Ampliação de pautas e de espaços ocupados
Lembrando que o movimento está a dois anos de completar quatro décadas de existência, a também coordenadora nacional Débora Nunes, aponta que “o lugar de fala” do MST é o da luta pela conquista da terra, mas que essa bandeira está relacionada com outras que são “de interesse e necessidade de toda a sociedade”.
“Nós também fomos compreendendo que a luta na rua é importante, mas que existem outros espaços na estrutura da nossa sociedade que, no final das contas, também definem os rumos do atendimento ou não dessas pautas”, afirma Débora.
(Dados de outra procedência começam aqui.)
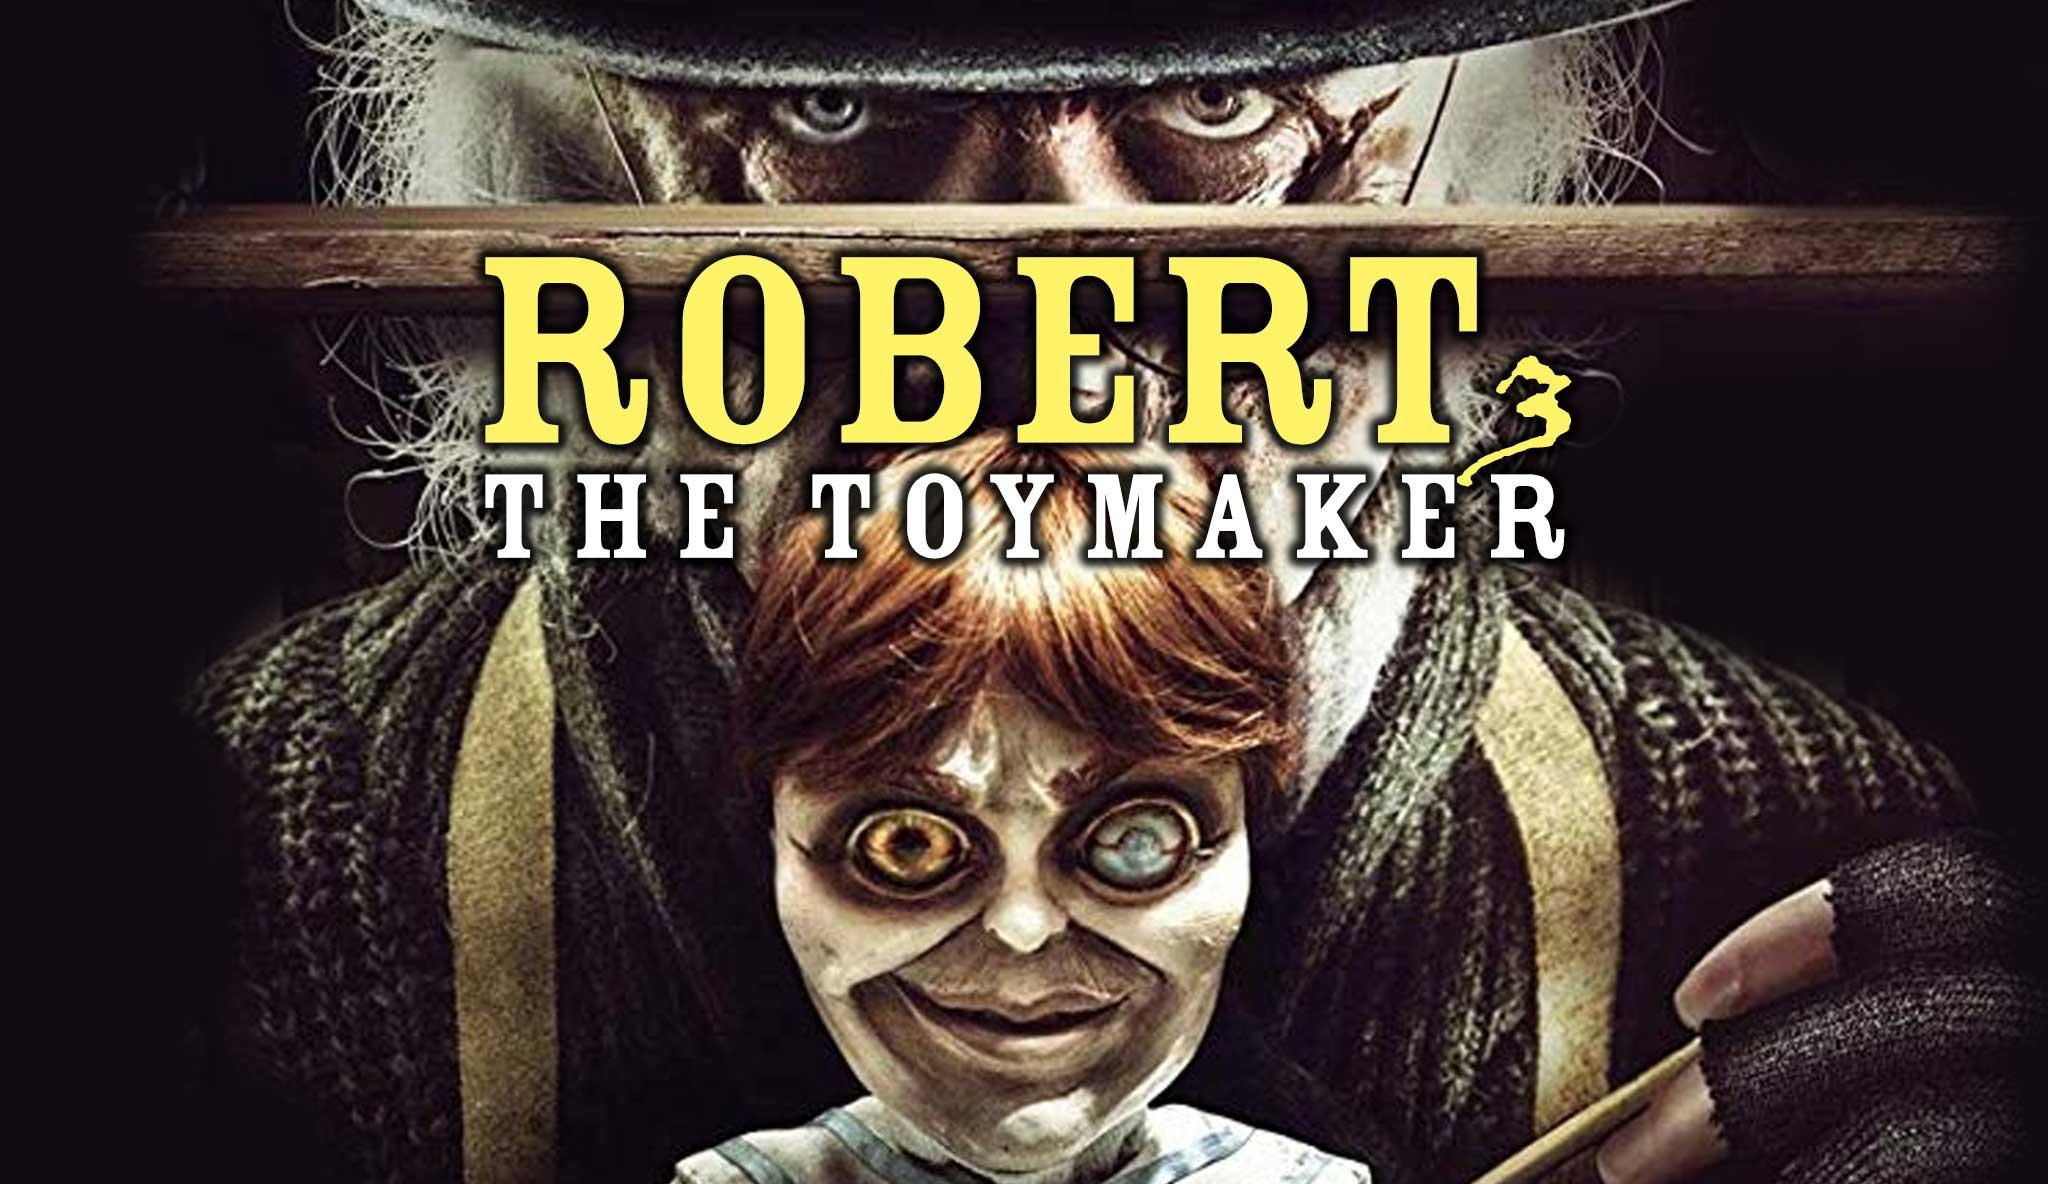 robert-3-the-toymaker\header.jpg

“Minha cabeça pensa onde meus pés pisam”
Segundo Nunes, o MST entende que “esses sujeitos sem-terra que estão neste pleito têm a legitimidade de serem representantes de um segmento da sociedade que demanda desse poder as ações, leis e políticas que efetivamente resolvam problemas de injustiças no nosso país”.
“Precisamos eleger a maior bancada possível de trabalhadores para fazer uma ampla disputa no Congresso Nacional, que é hoje tomado pelo poder do agronegócio, das grandes empresas”, diz Alexandre Conceição.
Para se ter uma ideia, dos parlamentares que representam os nove estados que compõem a Amazônia Legal, 74% dos senadores e 56% dos deputados federais fazem parte da bancada ruralista. Além disso, de 513 parlamentares que compõem a Câmara dos Deputados, 71% são homens brancos.
“O ideal é que a representação do povo fosse feita efetivamente por quem vivencia os problemas. Minha cabeça pensa onde meus pés pisam”, complementa Nunes. “Quem está na periferia vendo vários jovens sendo assassinados por uma polícia que desrespeita o povo pobre, quem está na luta pela moradia, no sindicato, pela reforma agrária, é quem efetivamente sabe dos problemas, é quem constrói a resistência e é quem deveria estar no parlamento representando esse povo”, defende a coordenadora do MST.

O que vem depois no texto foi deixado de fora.